Excluding pictures, transcribe precisely the lines from the one containing "XAVAX LED-Lampe, E14, 470lm" to the final line of the listing below, inclusive, and nothing more.

Data segment section start

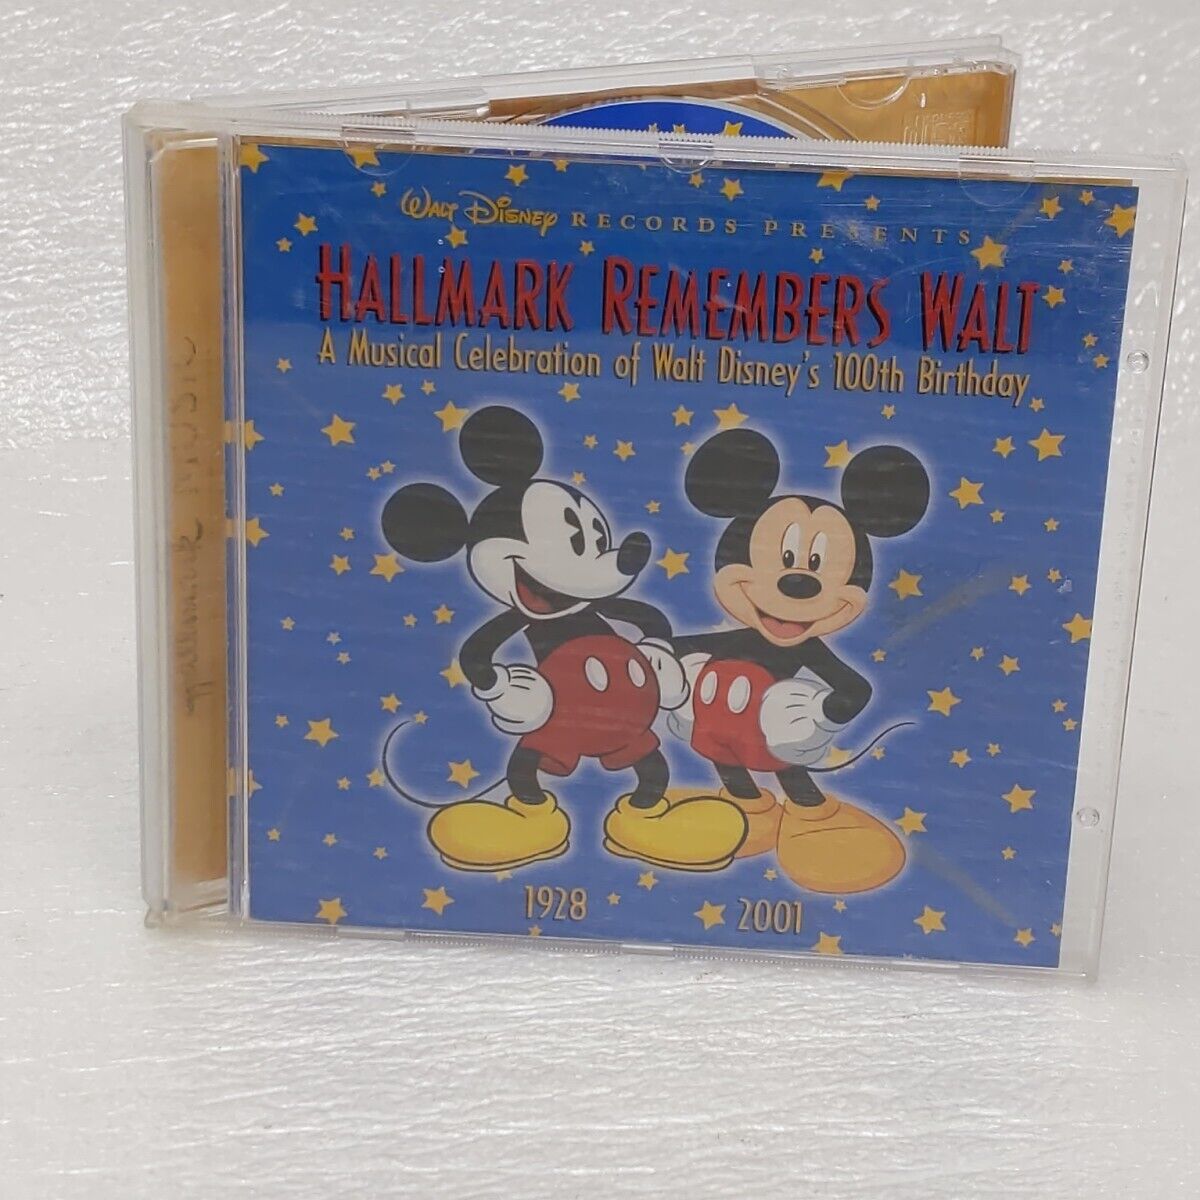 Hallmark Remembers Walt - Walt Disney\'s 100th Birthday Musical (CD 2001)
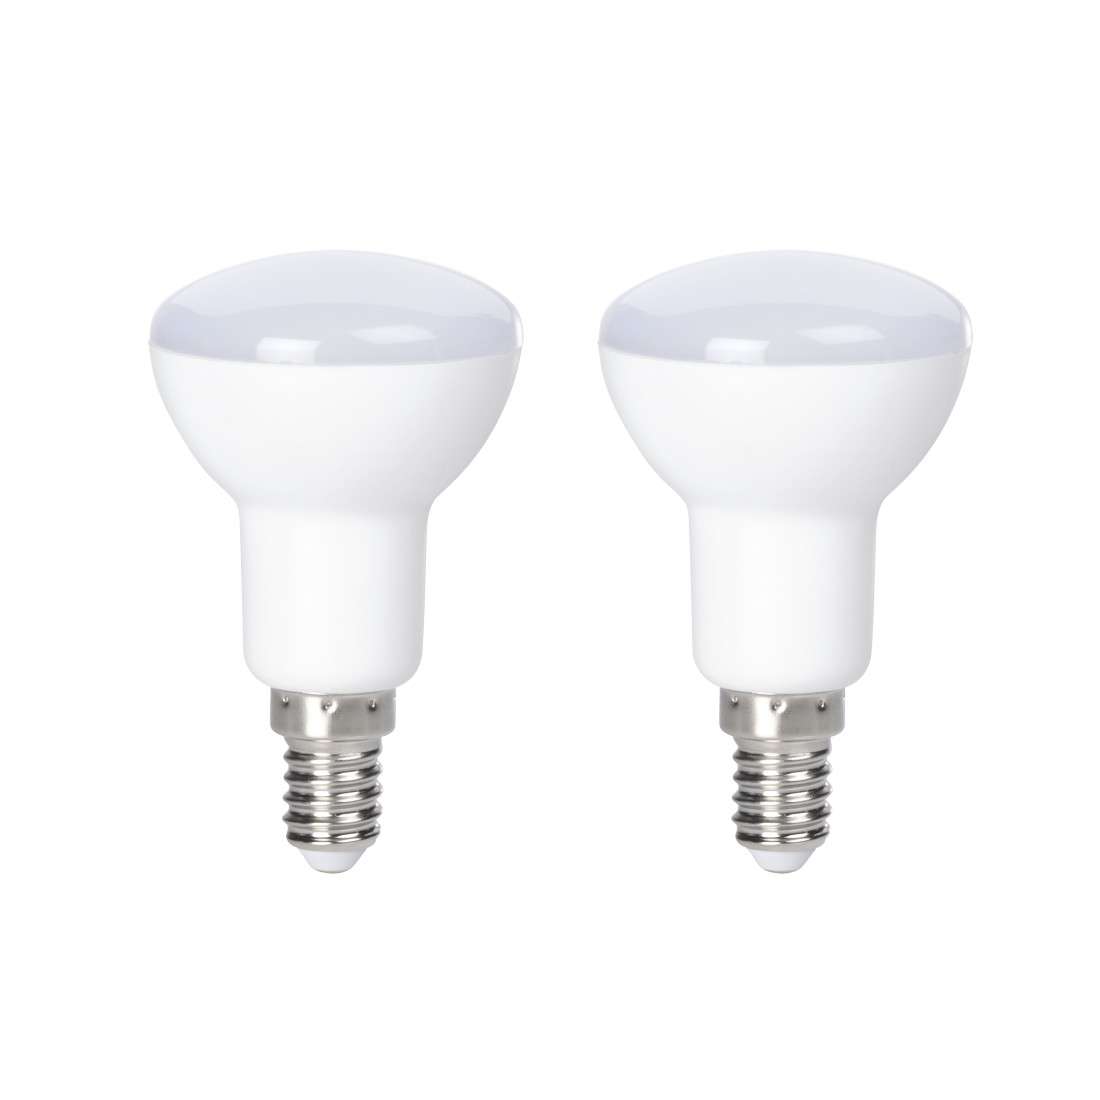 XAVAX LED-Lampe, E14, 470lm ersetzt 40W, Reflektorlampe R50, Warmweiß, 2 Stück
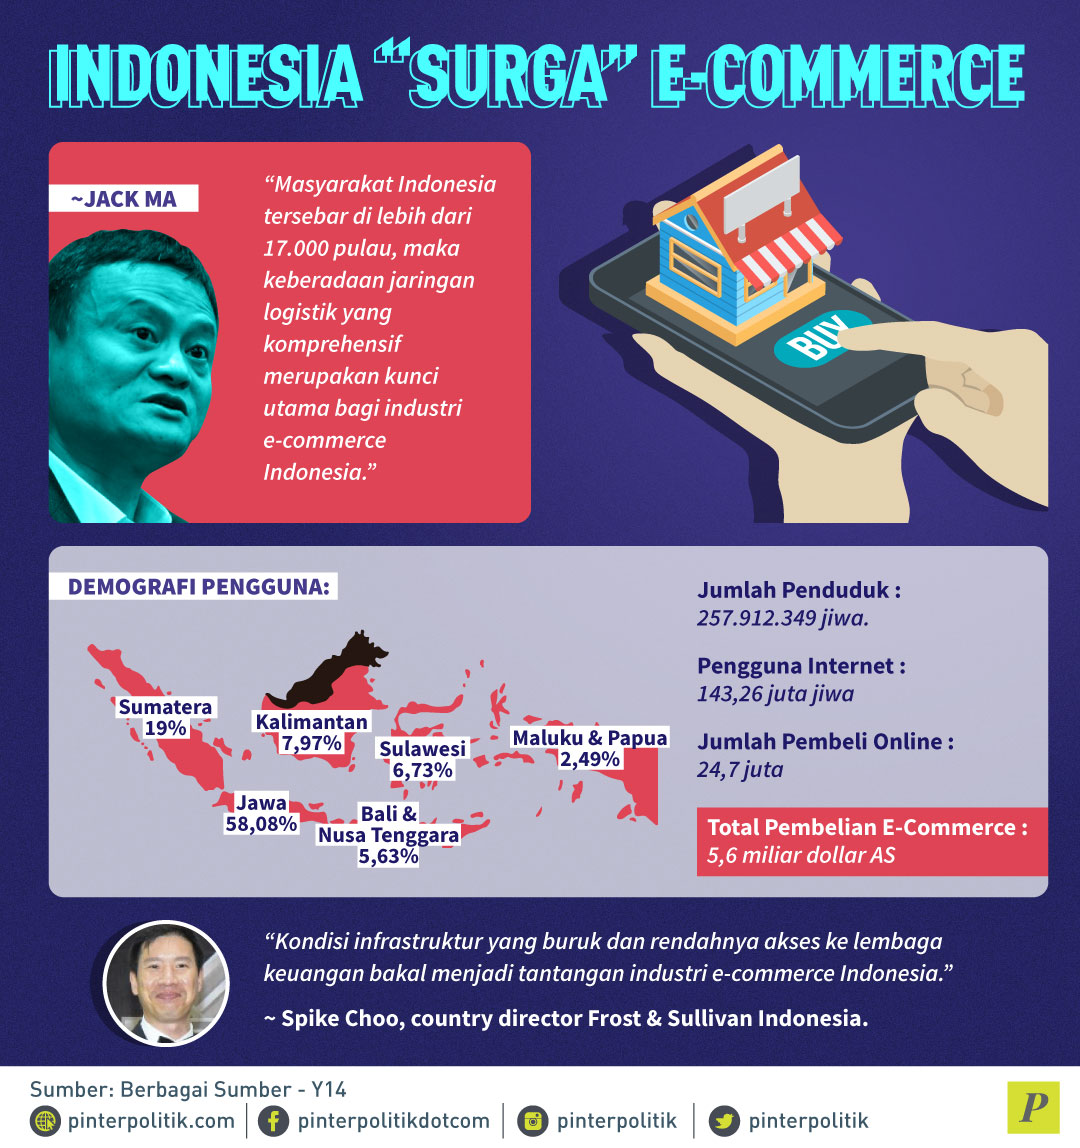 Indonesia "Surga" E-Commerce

Data segment section end

Finished task:
 XAVAX LED-Lampe, E14, 470lm ersetzt 40W, Reflektorlampe R50, Warmweiß, 2 Stück
 Indonesia "Surga" E-Commerce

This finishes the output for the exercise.